Online outrage over a song by pop artist Shao Yu (邵羽), as well as its accompanying music video, has raised questions about censorship, creativity and free speech. Shao’s song, With You (把你), which debuted on YouTube on June 2, immediately drew fire for its lyrical imagery of confinement and murder, as well as its “spooky” video.
Following complaints by civic groups, parents and Internet users, some of whom even called the police, Shao last week publicly apologized and removed the video from his YouTube channel.
The lyrics, which Shao said address the issue of people over-beautifying a romantic relationship when “its essence is nothing more than possessiveness,” cheerfully describe someone confining and possibly murdering their lover, with the music video suggesting cannibalism. Such lyrics and imagery can understandably make some people uncomfortable, and people have the right to express their views.

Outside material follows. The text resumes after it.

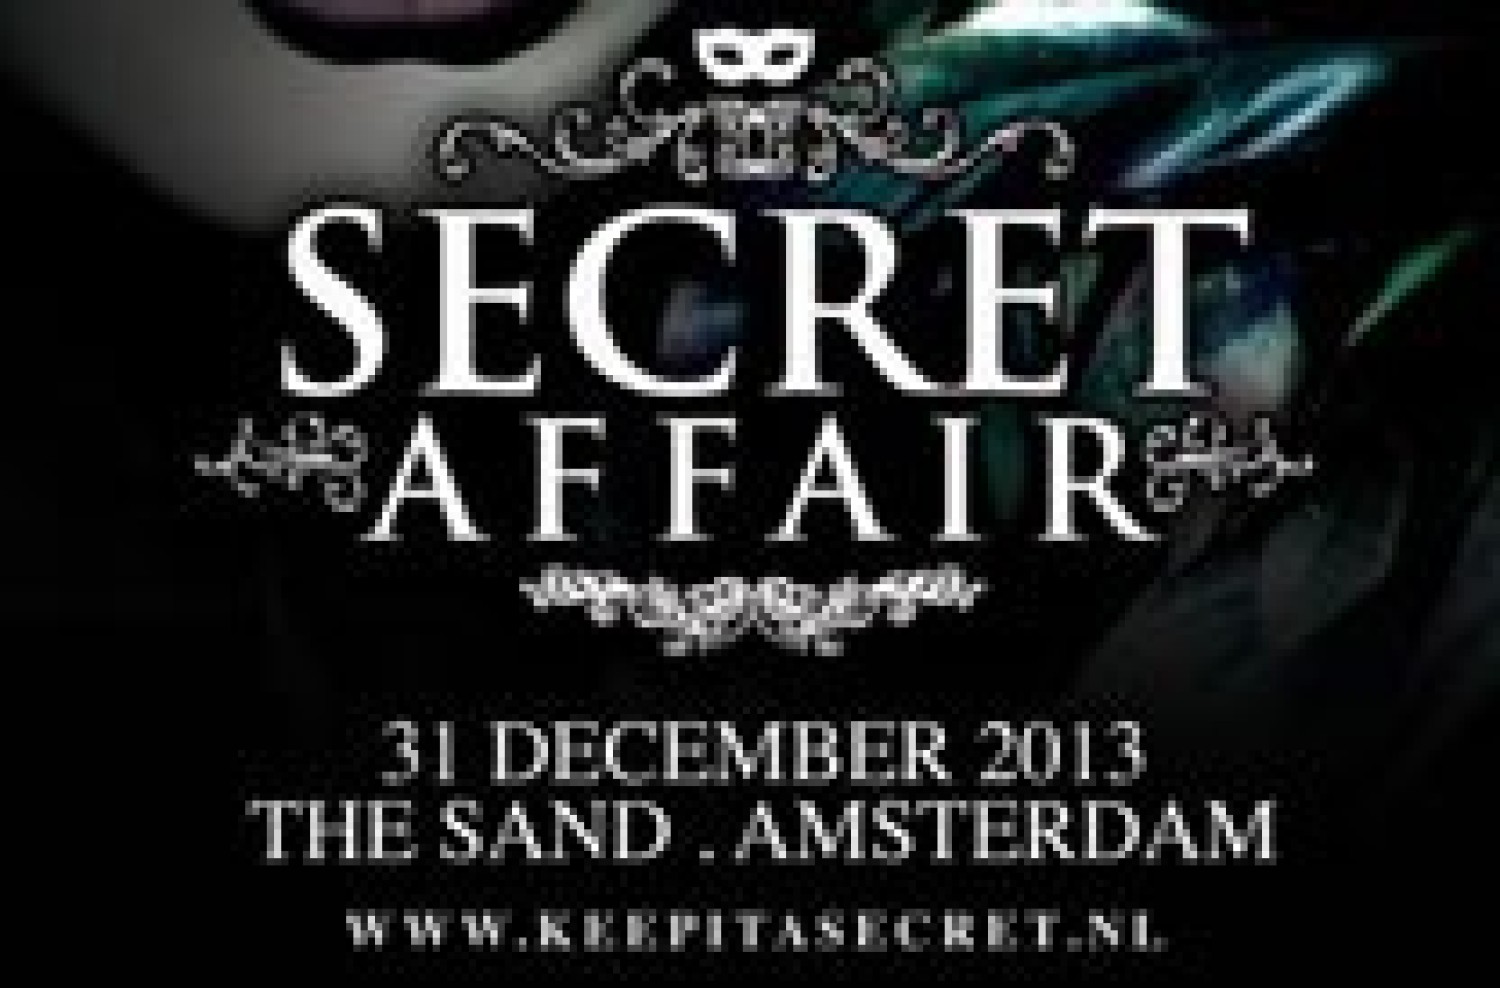 Party nieuws: Op 31 december is Secret Affair NYE dé ‘place to be’

However, pressing Shao’s management company to remove the content for “negatively affecting teenagers and children” is not acceptable.
The tired old argument that a song might drive people to commit crimes is outdated, as violence and other inappropriate content is everywhere on television, the Internet, in video games and other forms of entertainment. “Shielding” youngsters from such content will not work in this day and age, when they are more Internet-savvy than most adults. This is a problem with parenting in general: Like sex education, it is more important to educate children and establish healthy perspectives about issues they cannot avoid.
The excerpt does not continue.